Политическая благонадежность финнов «защищала» княжество от пристального внимания российского правительства. Подобный «статус-кво» окраины сохранялся вплоть до 1863 г. Эпоха «великих реформ», принесшая Кавказу тотальную унификацию с империей, Финляндии, наоборот, принесла этап очередных расширений привилегий. Это не было широким жестом в знак благодарности имперских властей за верноподданнические настроения на данной окраине. В основе этого лежали стремления Петербурга сохранить таковые, не допустить распространения в Финляндии польских революционных настроений. Ради этого Александр II согласился на созыв в 1863 г. Сейма - главного символа финской автономии и принятие нового Сеймового устава 1869 г., получившего силу основного закона [13. С. 64-65, 74-75; 14. С. 1]. Оба мероприятия символизировали собой начало очередного цикла реформ, укрепивших автономный статус Великого княжества. При этом буржуазные реформы Александра II фактически не коснулись Финляндии.
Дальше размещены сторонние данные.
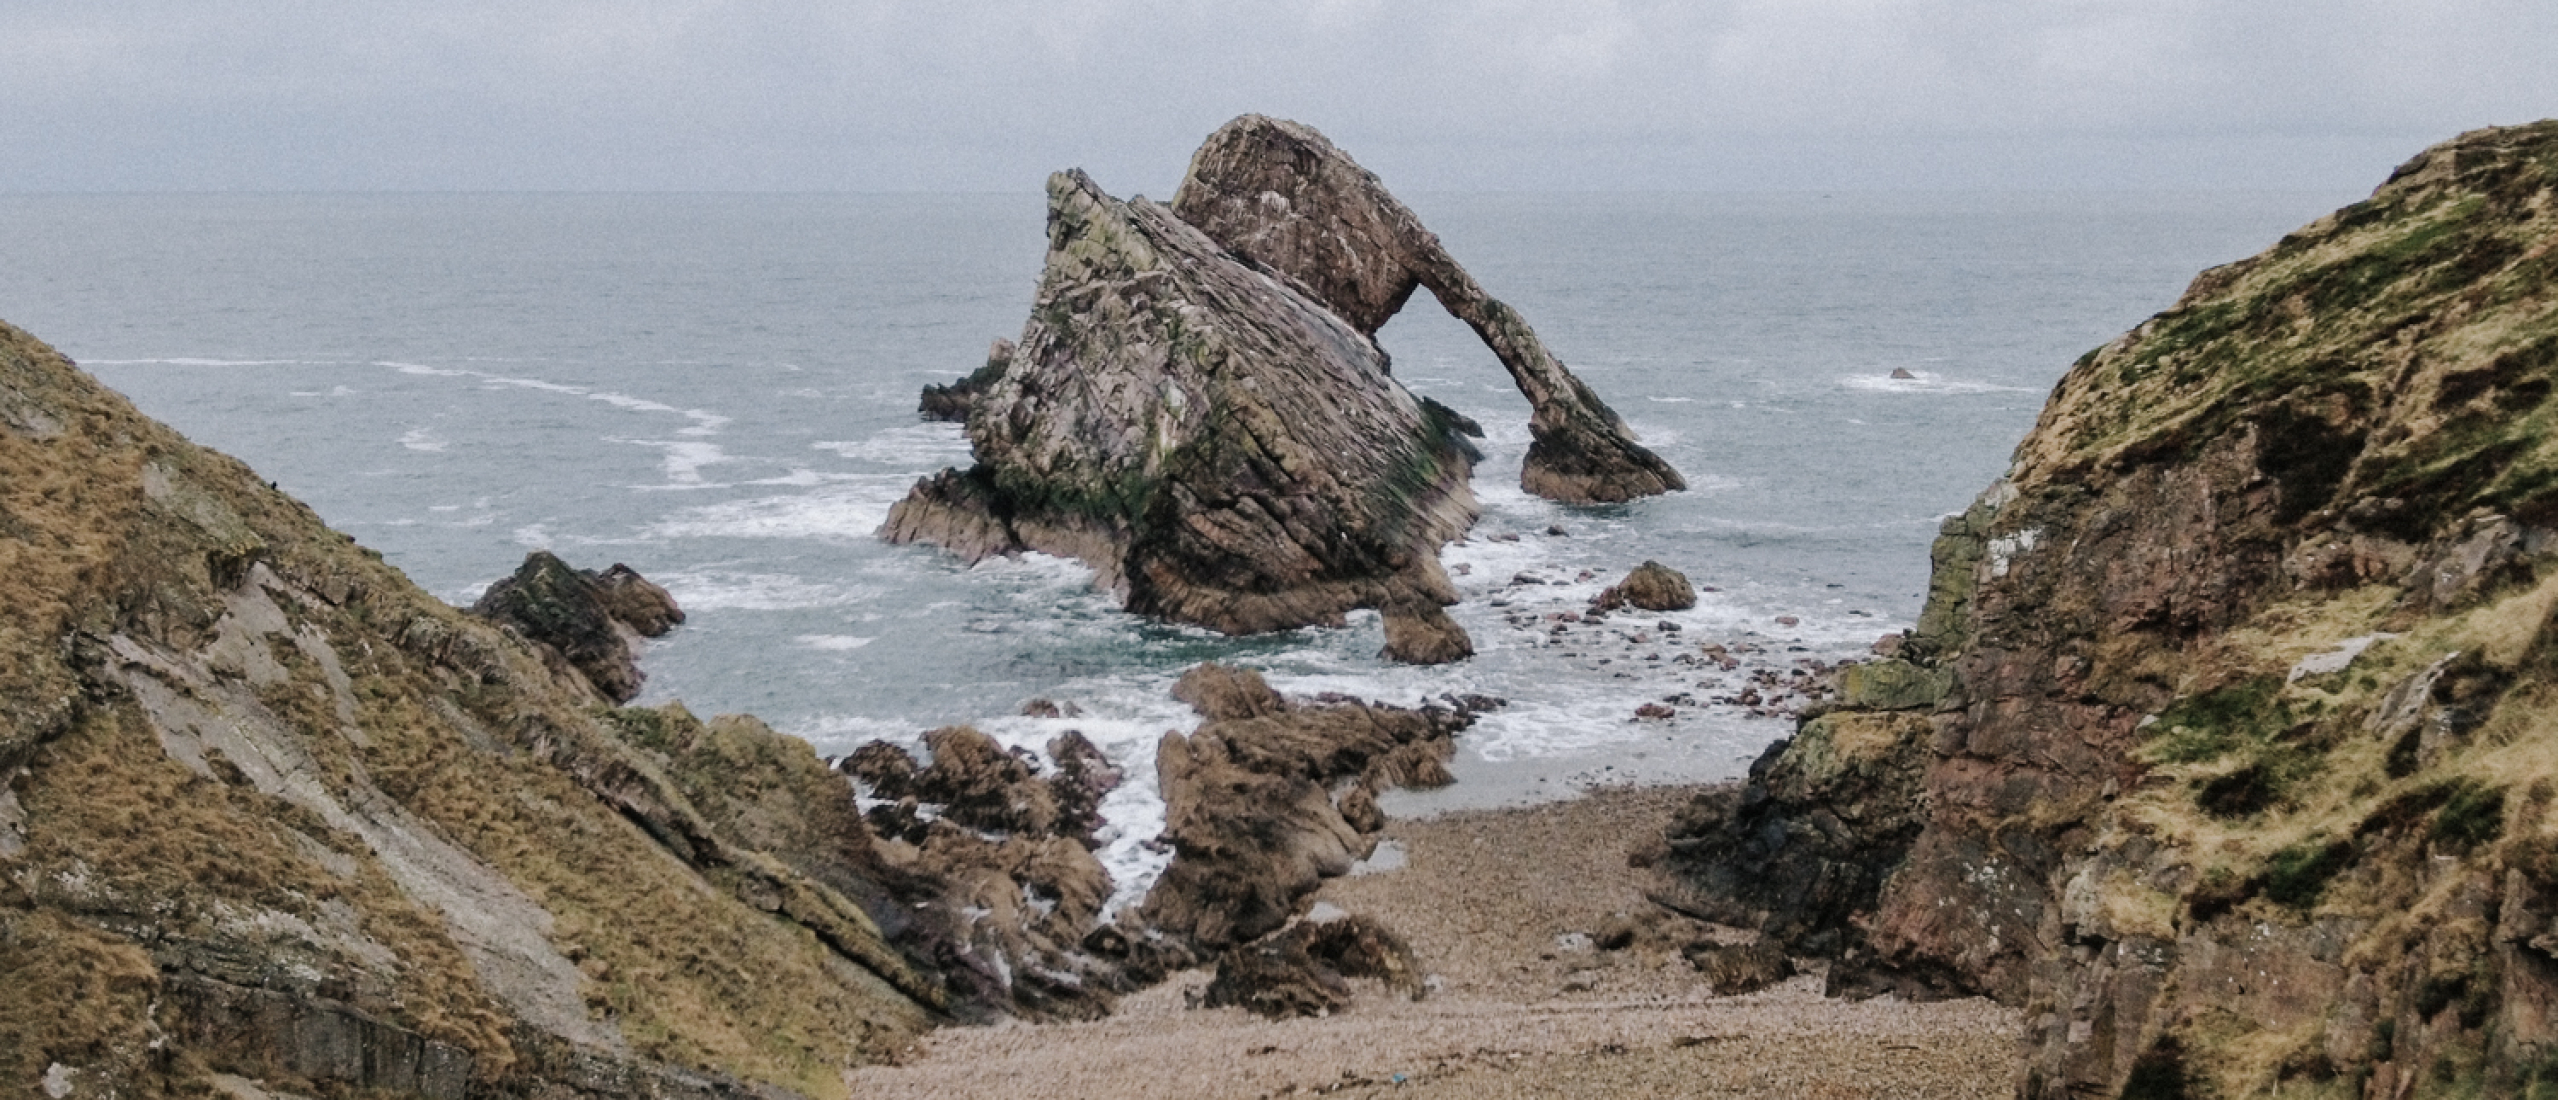 Bow Fiddle Rock: een bijzondere rots in de Moray Firth

Единственной из числа крупных российских реформ, распространившихся на эту территорию, была военная реформа, в результате которой Финляндия в 1878 г. получила право на формирование своих национальных войск, комплектовавшихся исключительно из местных уроженцев и подчинявшихся генерал-губернатору [15. С. 61-62]. В результате преобразований финляндская автономия к началу 80-х гг. XIX в. достигает своего пика. Таким образом, Финляндия представляла собой форму политической автономии в составе Российского государства. Данное обстоятельство кардинальным образом отличало статус Финляндии от любой другой окраины империи.
После восстания 1863 г. перед имперским правительством встала задача инкорпорации Польши в Россию. При этом, также как и в кавказском регионе, инкорпорация подразумевалась прежде всего политико-административная. Для разработки системы структурной идентификации окраины по общеимперскому образцу 25 февраля 1864 г. был учрежден Комитет по делам Царства Польского [16], в 1874 г. наместническое управление в Польше было заменено генерал-губернаторским.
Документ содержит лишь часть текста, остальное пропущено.